Exercise inputs: Begin
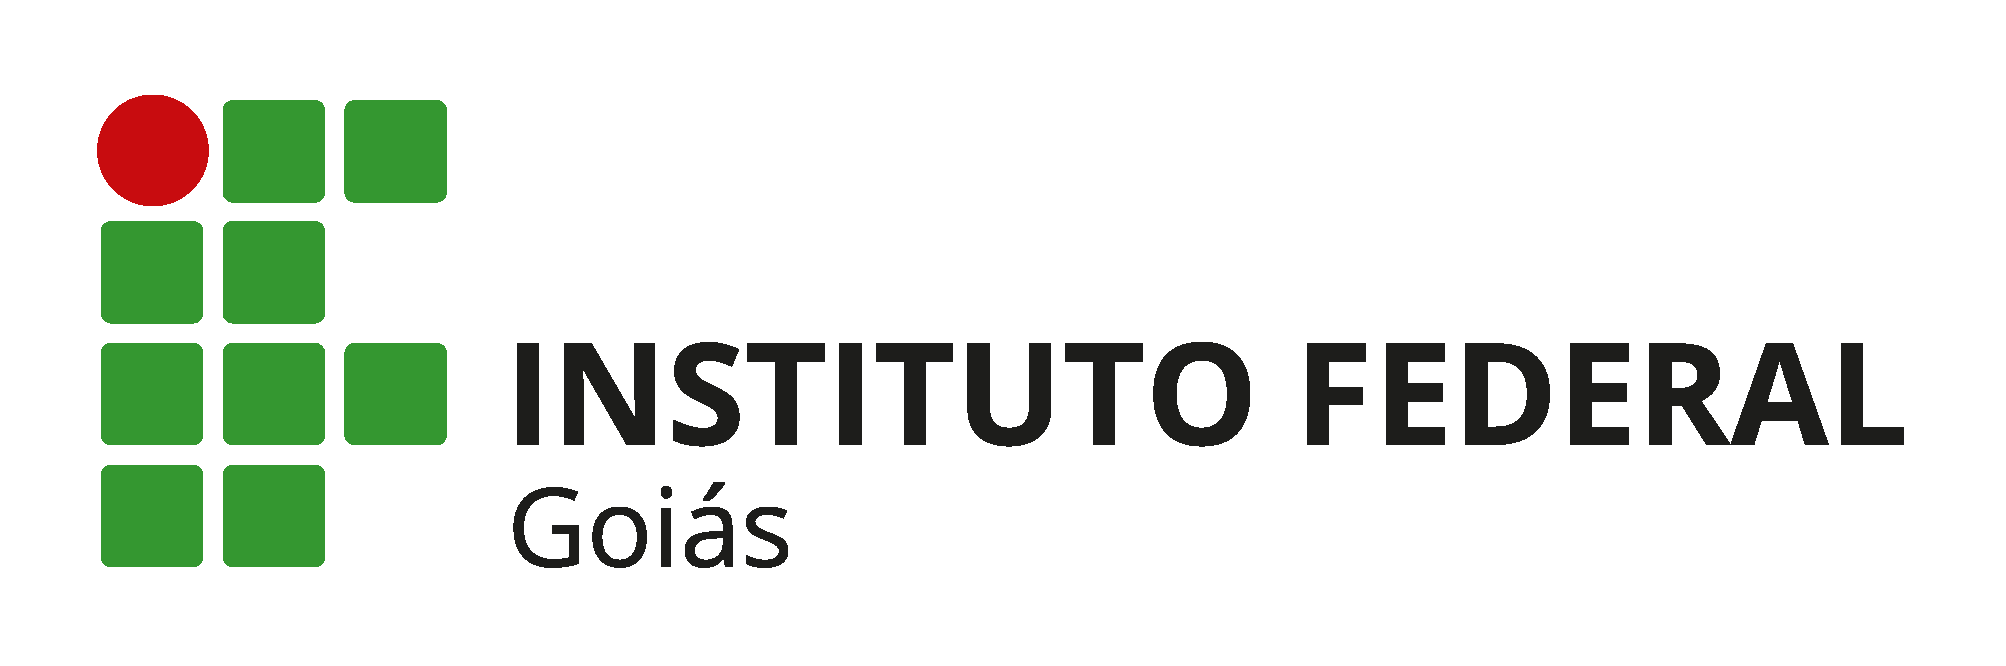 Logo pra Site
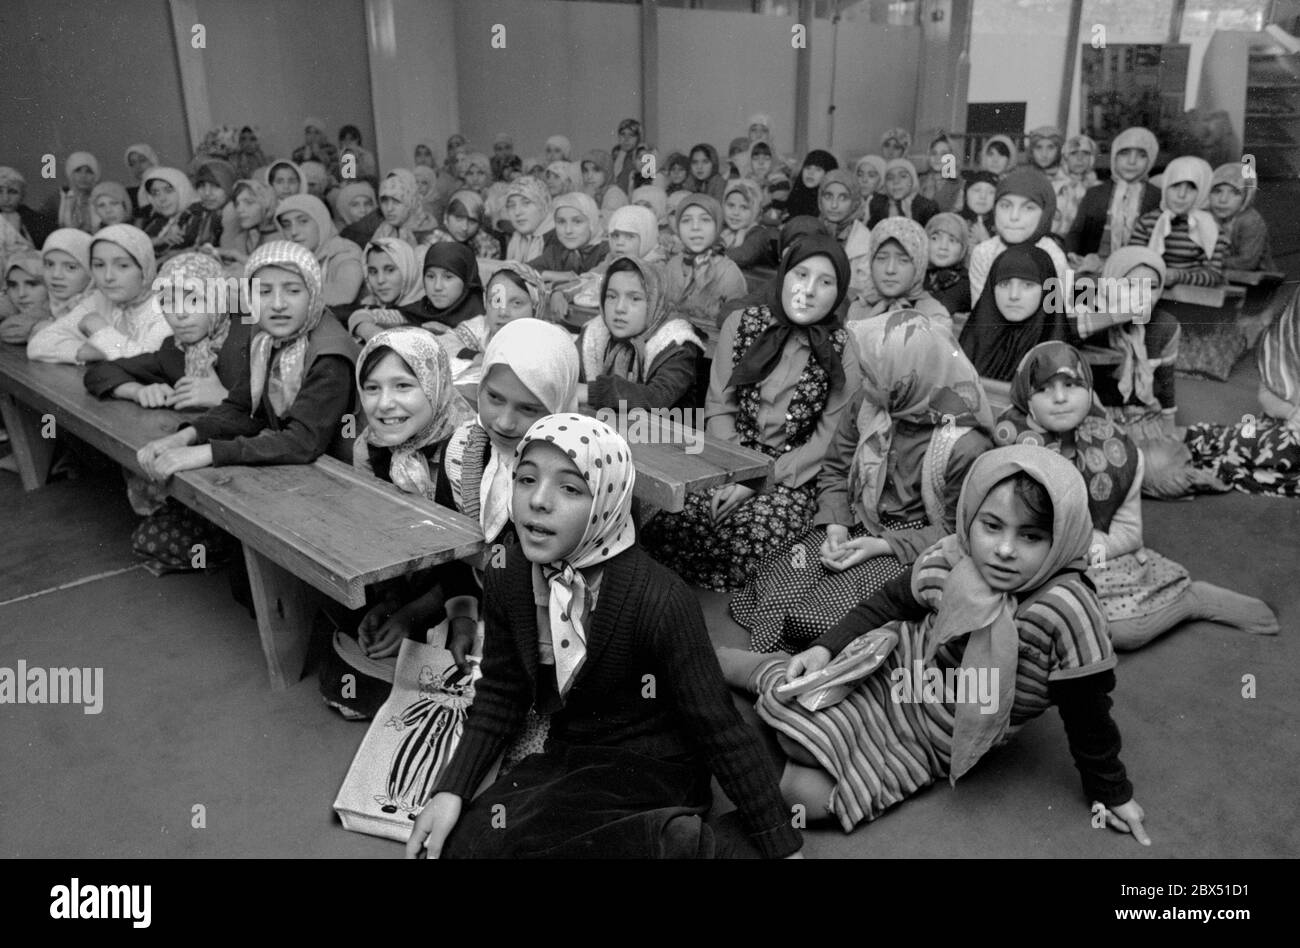 Berlin-Kreuzberg / Islam / 26.9.1980 leçons du Coran pour les filles dans la mosquée Mevlana à Kottbusser Tor. Un Hodscha (professeur) lit des passages du Coran et les enfants les répètent. // foulard / femmes / Turcs [traduction automatique] Banque D'Images
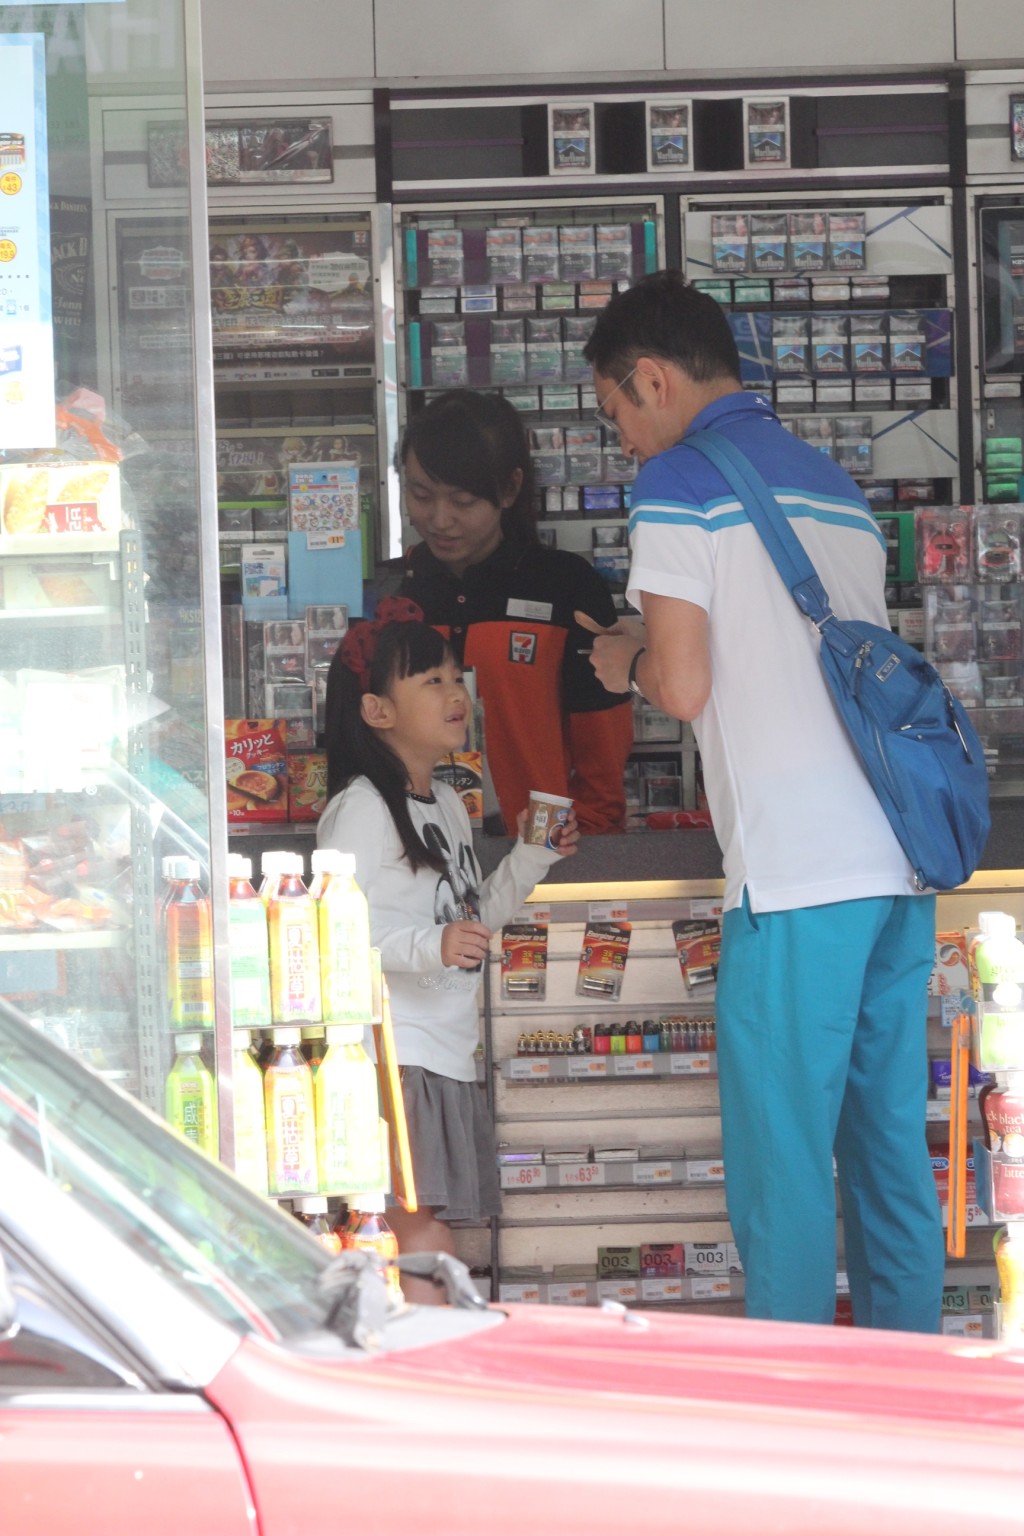 吳啟華在2014年曾被拍到親自湊女到便利店買雪糕。
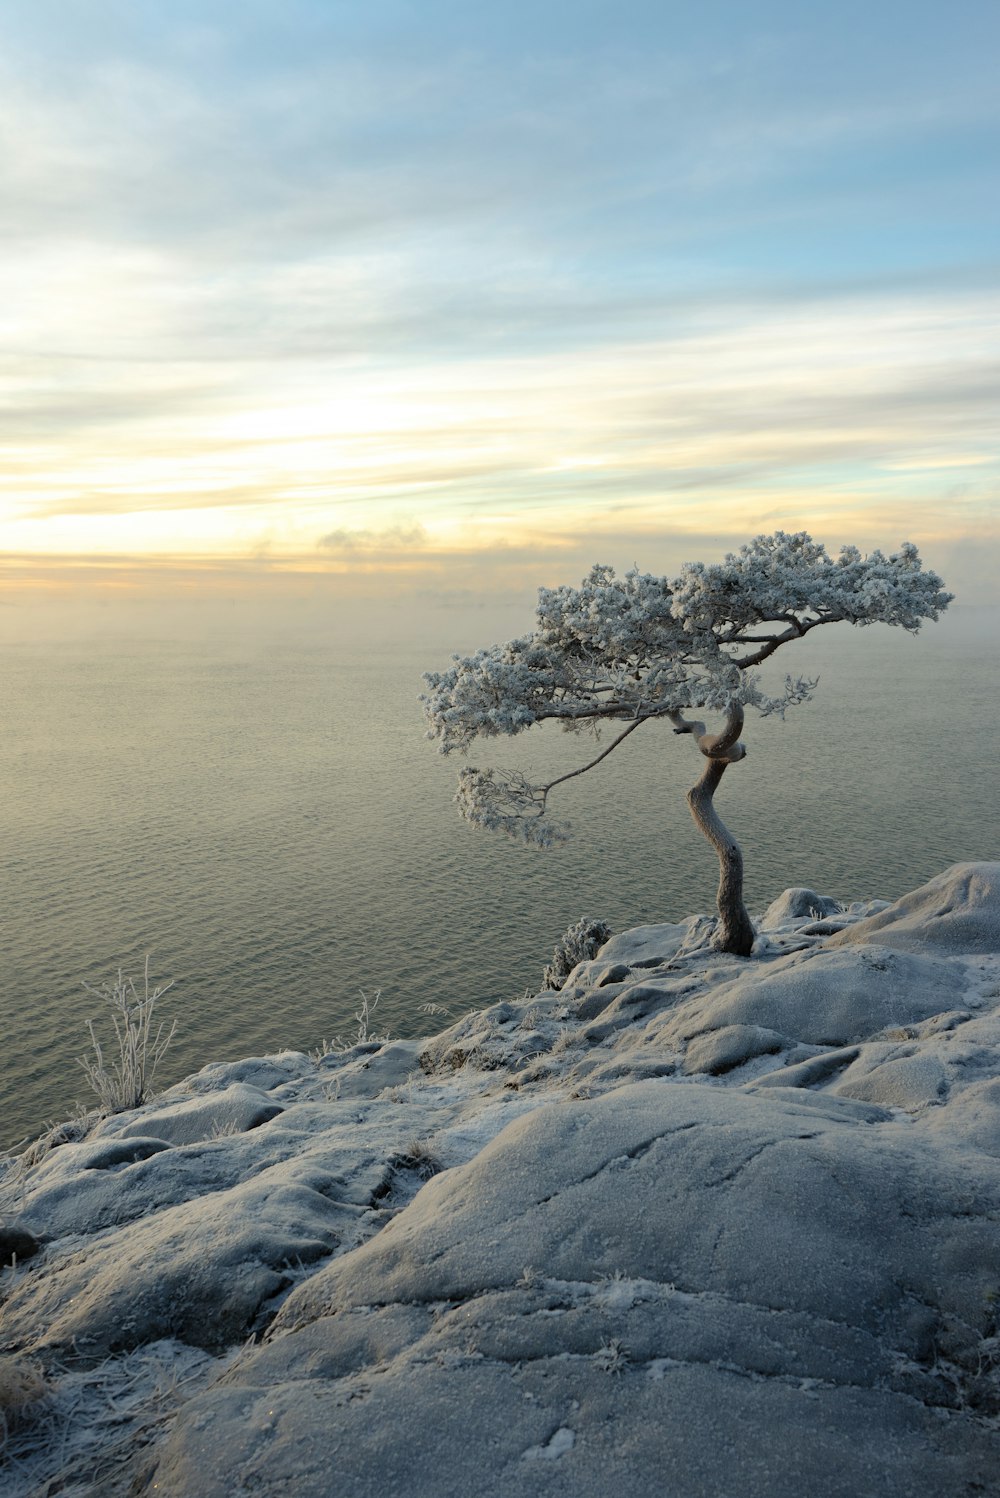 Un albero solitario seduto sulla cima di una collina coperta di neve
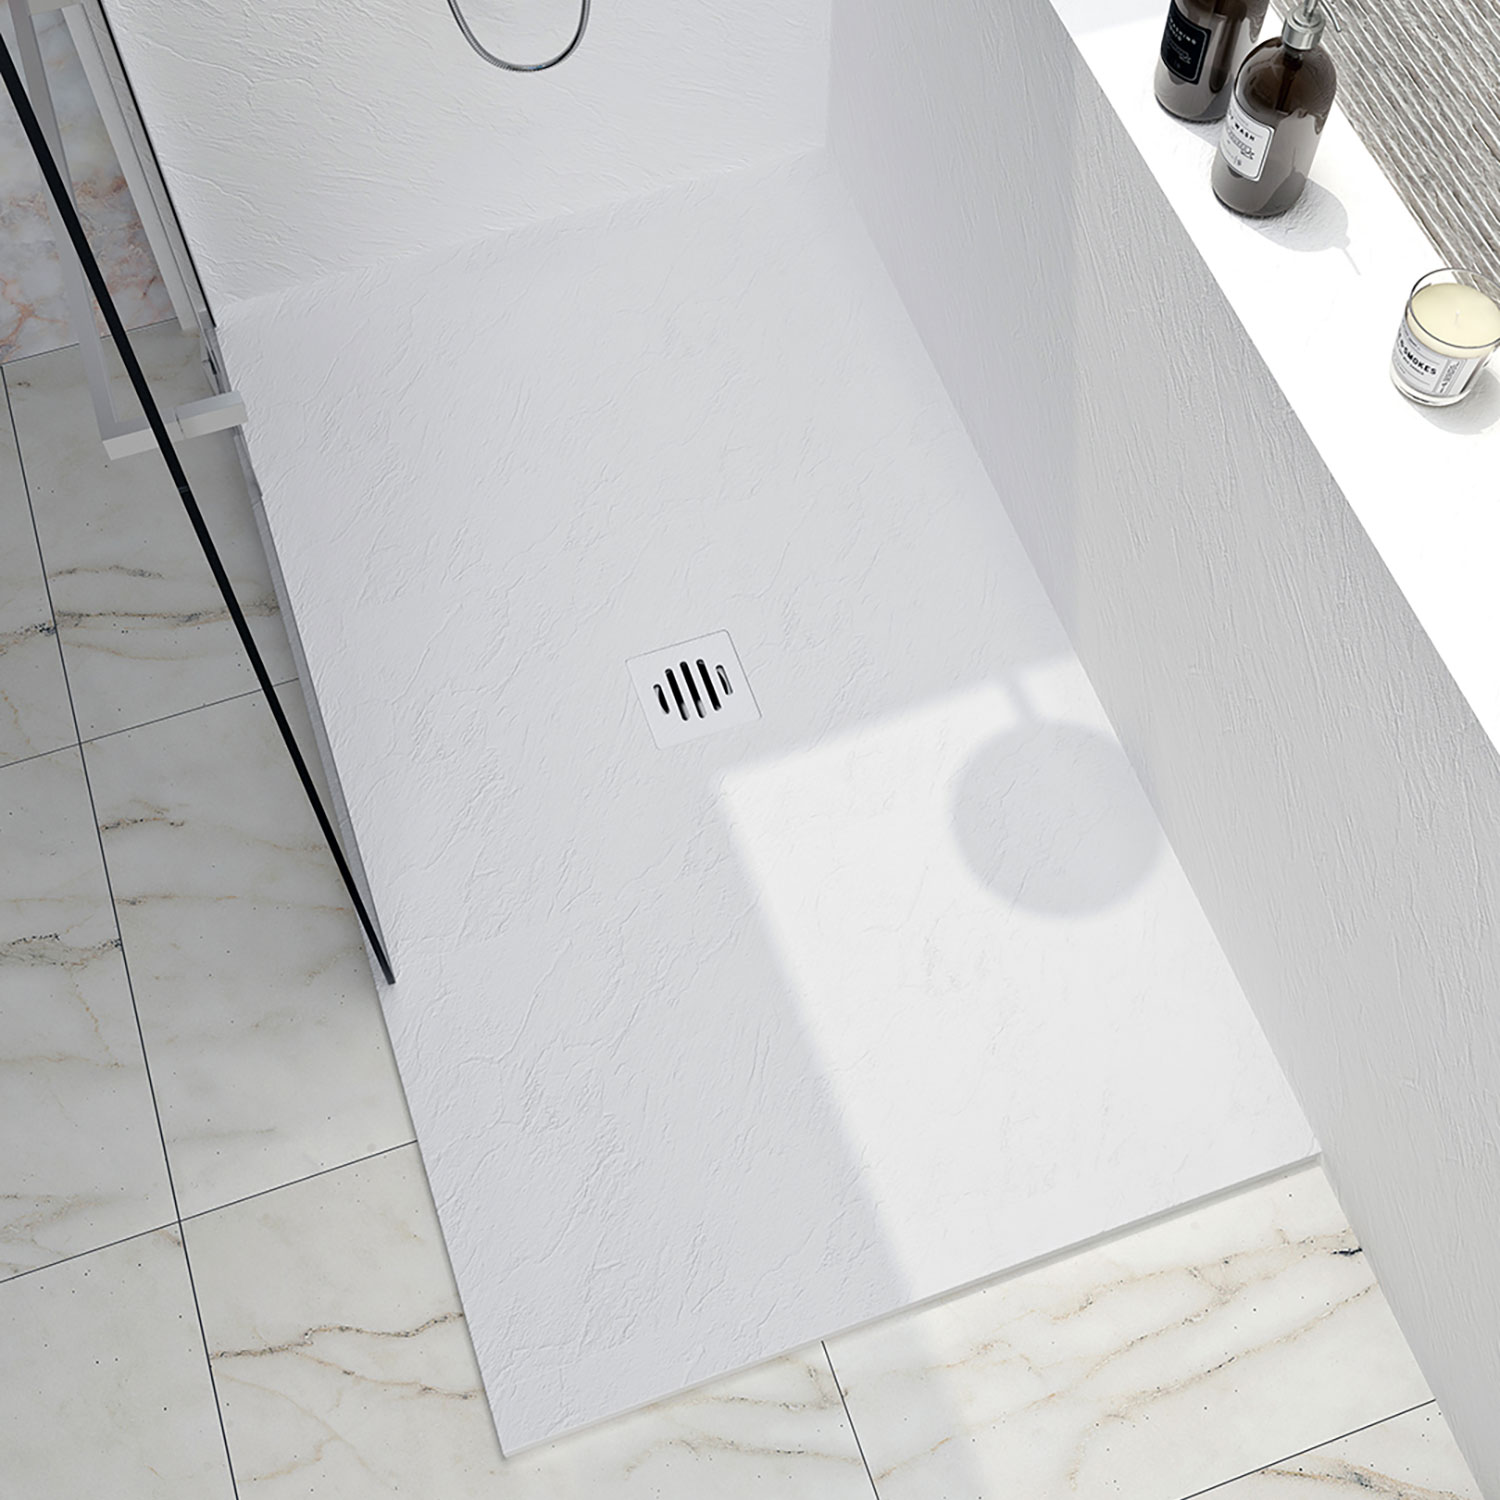 Shower base Slate 48 x 32, custom-made tile flange installation, in white
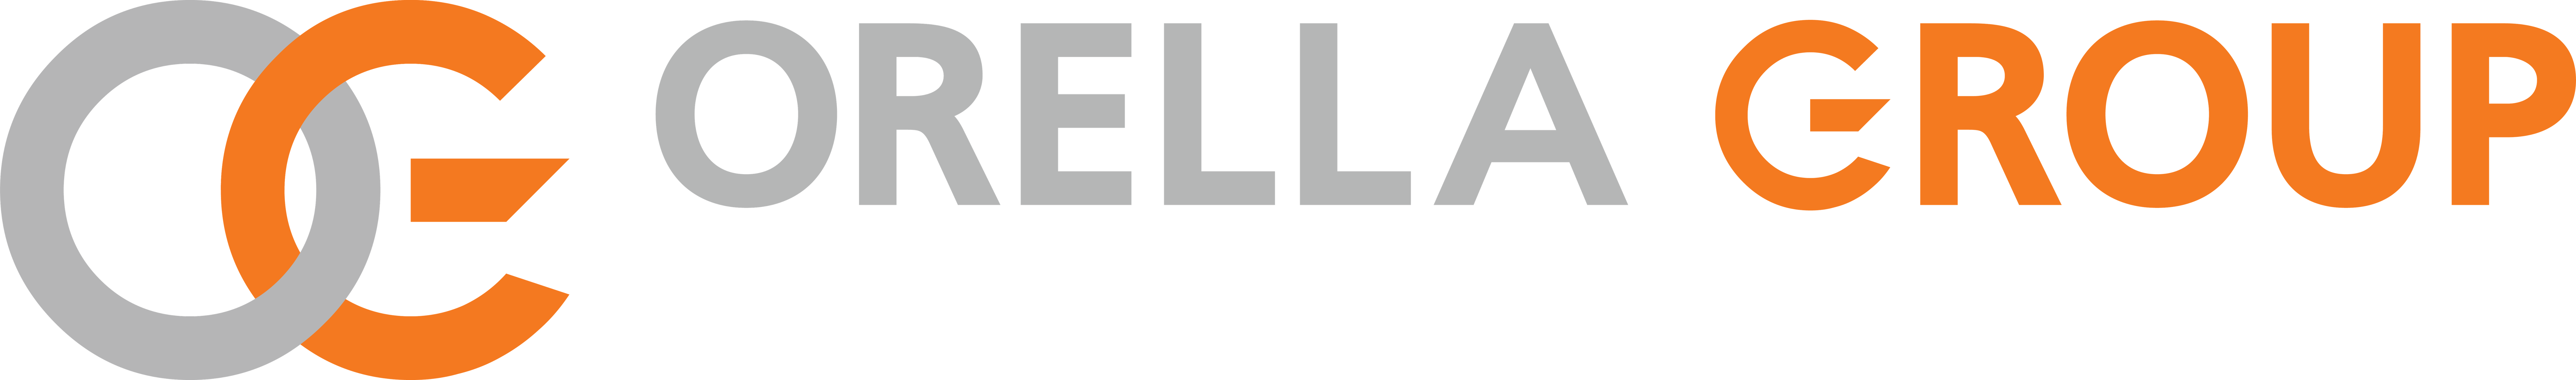 OG Atlantic Full Horizontal Logo
Exercise inputs: End
### Exercise goal:
Every line of the records must come back unchanged, except that pictures are dropped.

### Answer space:
 Logo pra Site
 Berlin-Kreuzberg / Islam / 26.9.1980 leçons du Coran pour les filles dans la mosquée Mevlana à Kottbusser Tor. Un Hodscha (professeur) lit des passages du Coran et les enfants les répètent. // foulard / femmes / Turcs [traduction automatique] Banque D'Images
 吳啟華在2014年曾被拍到親自湊女到便利店買雪糕。
 Un albero solitario seduto sulla cima di una collina coperta di neve
 Shower base Slate 48 x 32, custom-made tile flange installation, in white
 OG Atlantic Full Horizontal Logo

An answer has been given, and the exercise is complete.